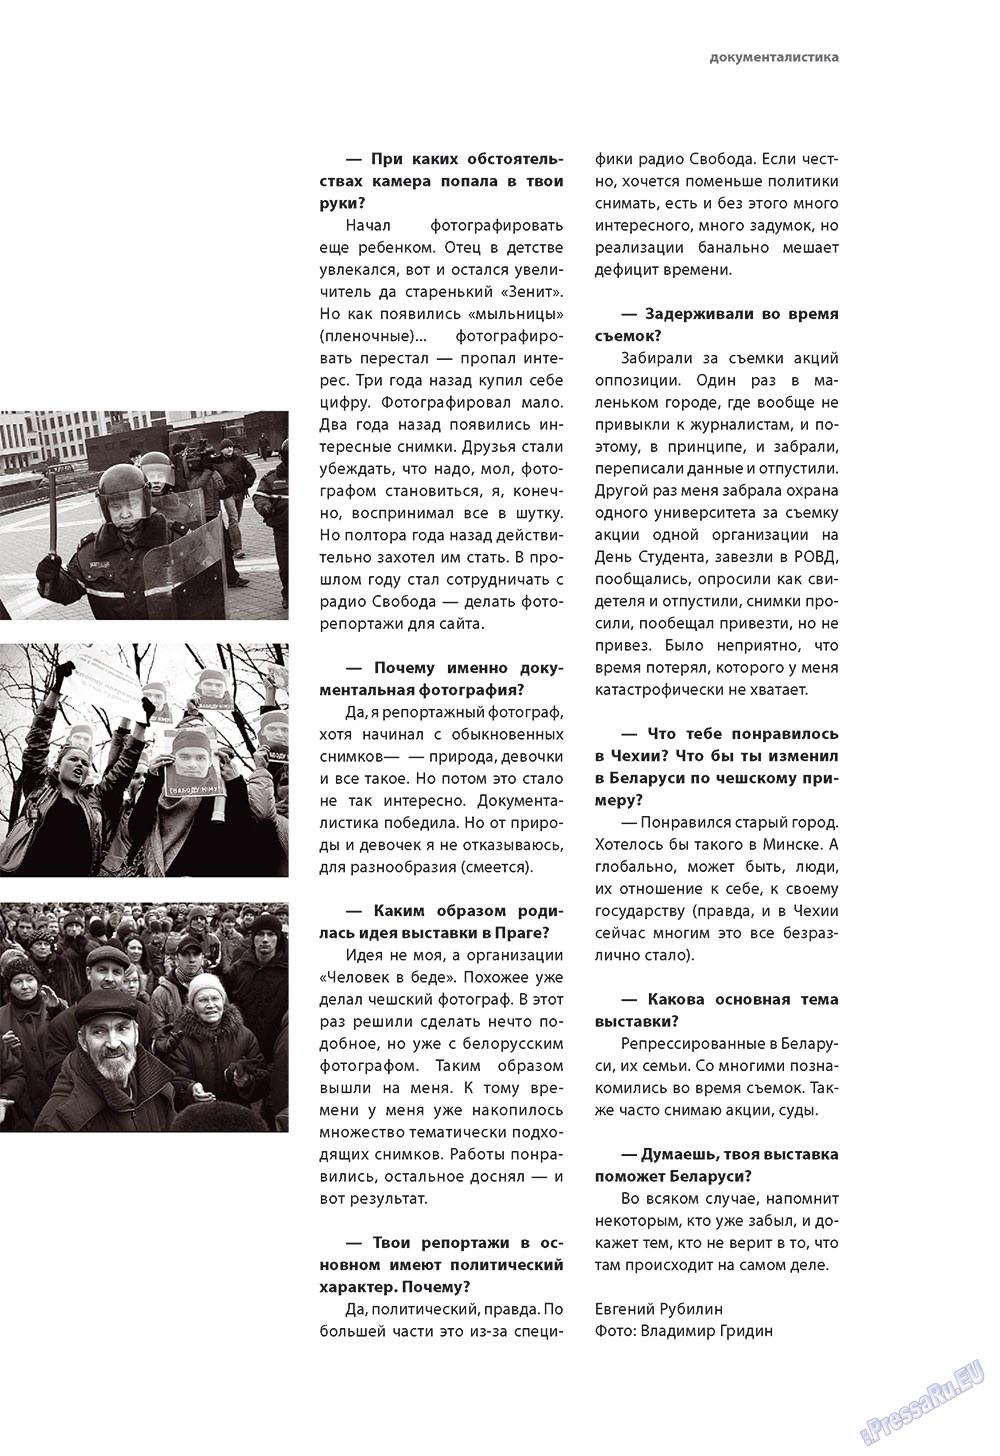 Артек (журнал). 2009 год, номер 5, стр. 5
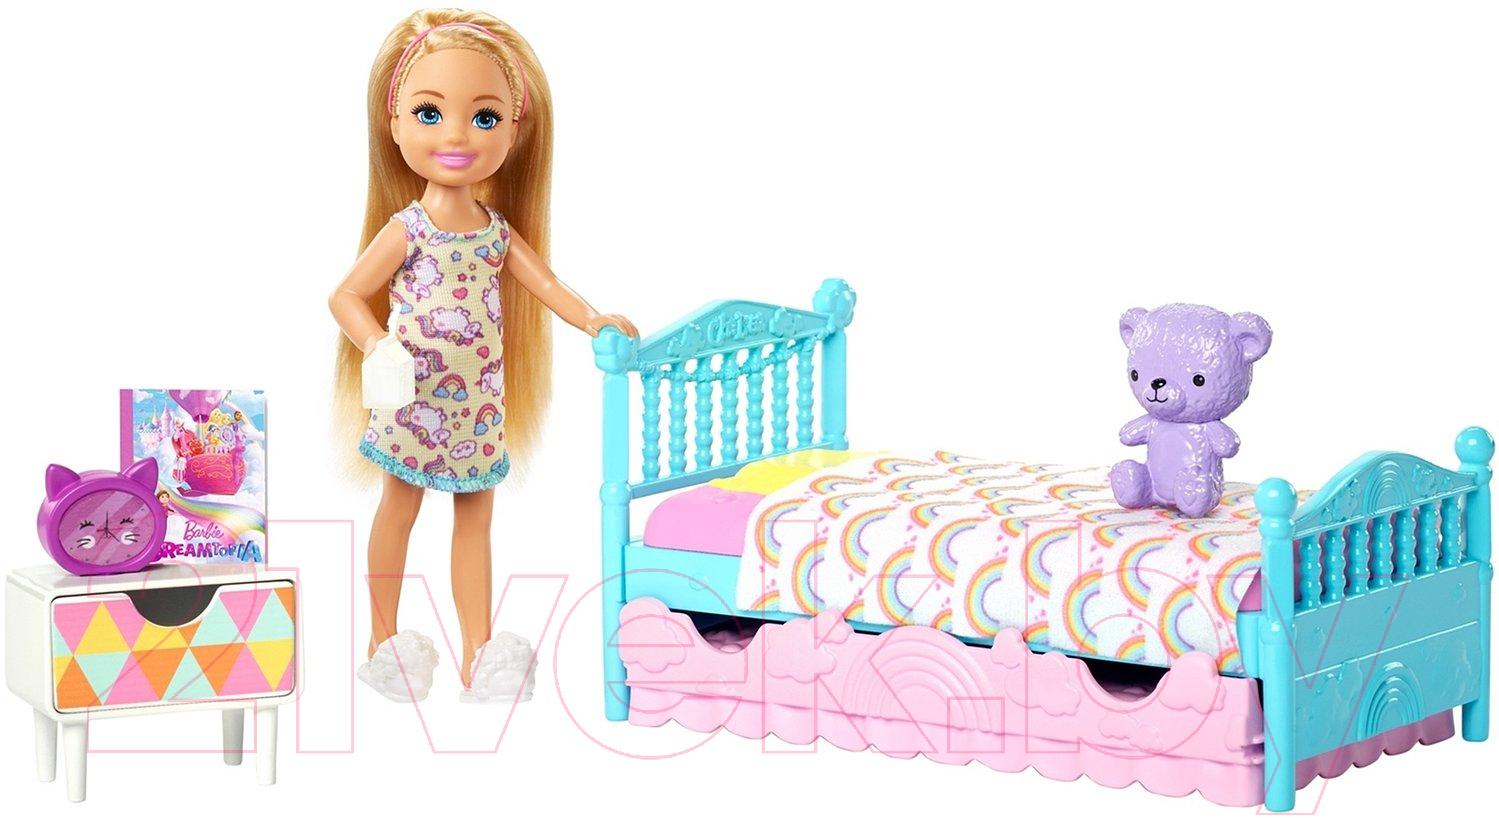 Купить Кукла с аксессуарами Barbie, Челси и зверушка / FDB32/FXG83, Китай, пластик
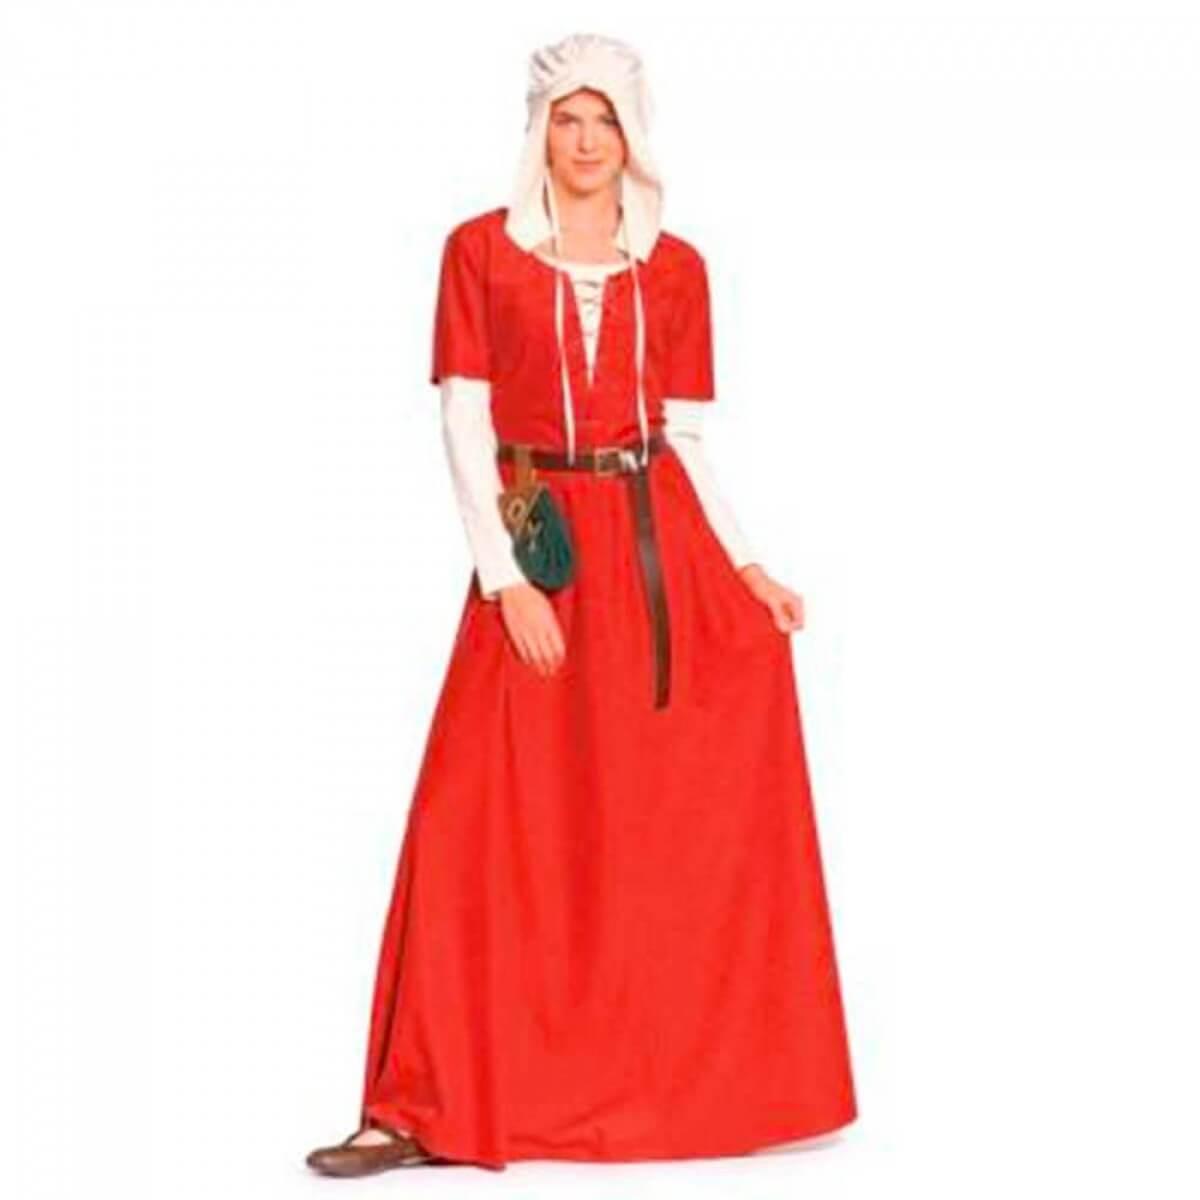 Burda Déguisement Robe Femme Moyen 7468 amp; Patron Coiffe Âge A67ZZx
==
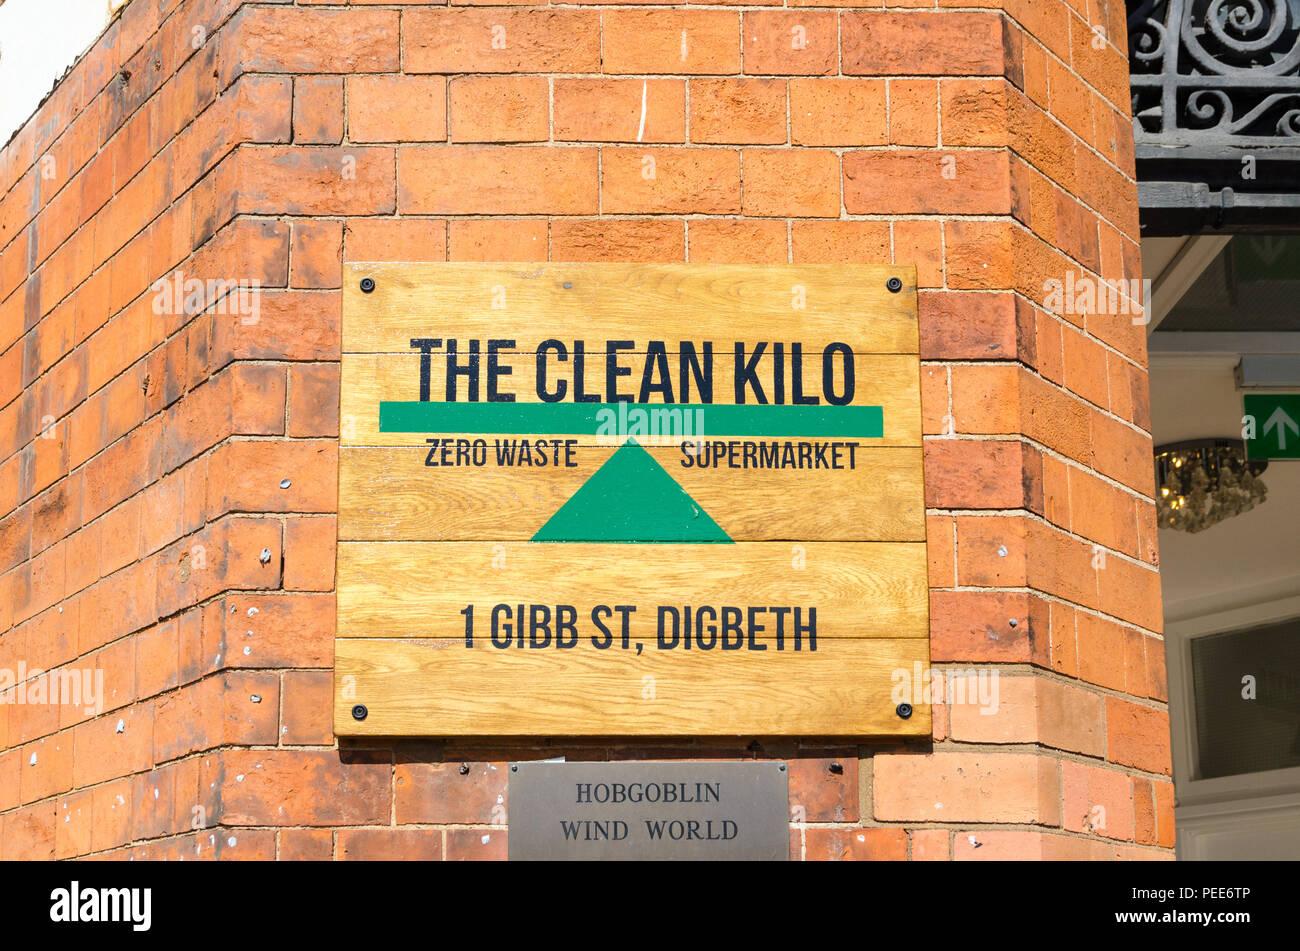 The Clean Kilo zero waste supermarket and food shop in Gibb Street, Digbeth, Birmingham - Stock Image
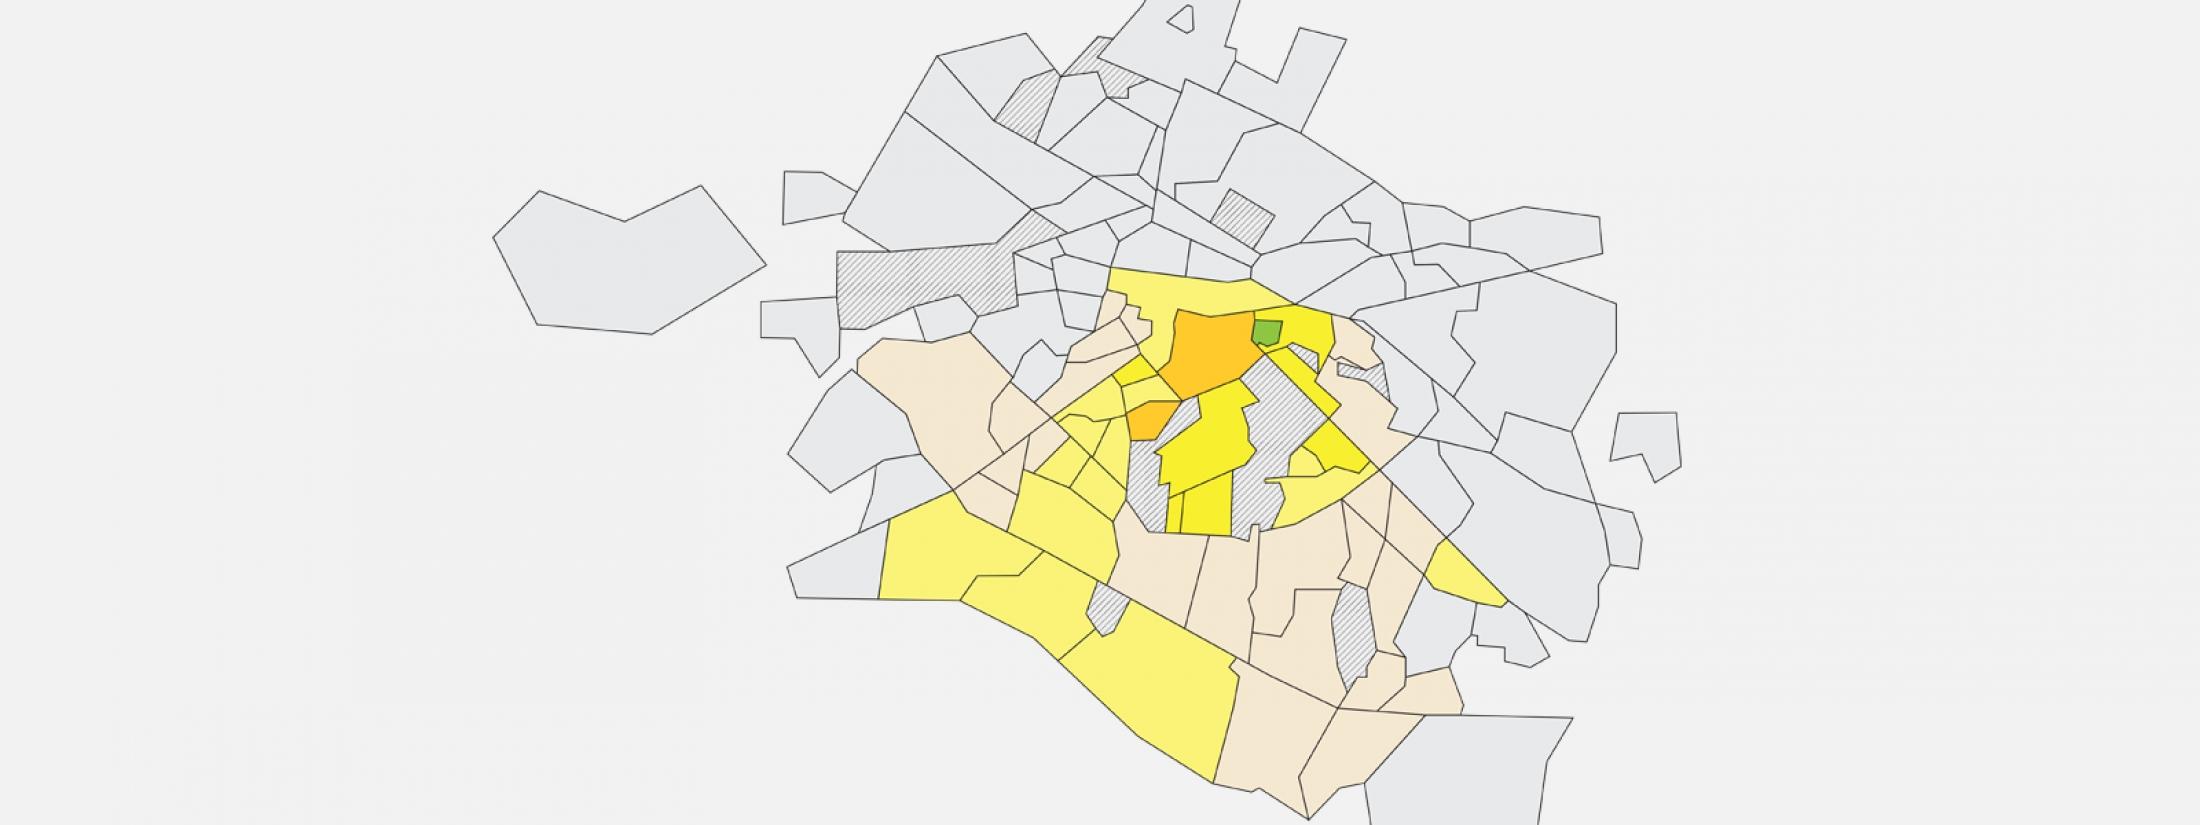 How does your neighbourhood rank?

§ Task goal
Print the part of the listing above that opens with the line containing "Артек (журнал). 2009 год, номер 5, стр. 5" and closes with the line containing "Burda Déguisement Robe". Copy it exactly, both ends included, and omit the pictures.

§ Exercise response
 Артек (журнал). 2009 год, номер 5, стр. 5
 Купить Кукла с аксессуарами Barbie, Челси и зверушка / FDB32/FXG83, Китай, пластик
 Burda Déguisement Robe Femme Moyen 7468 amp; Patron Coiffe Âge A67ZZx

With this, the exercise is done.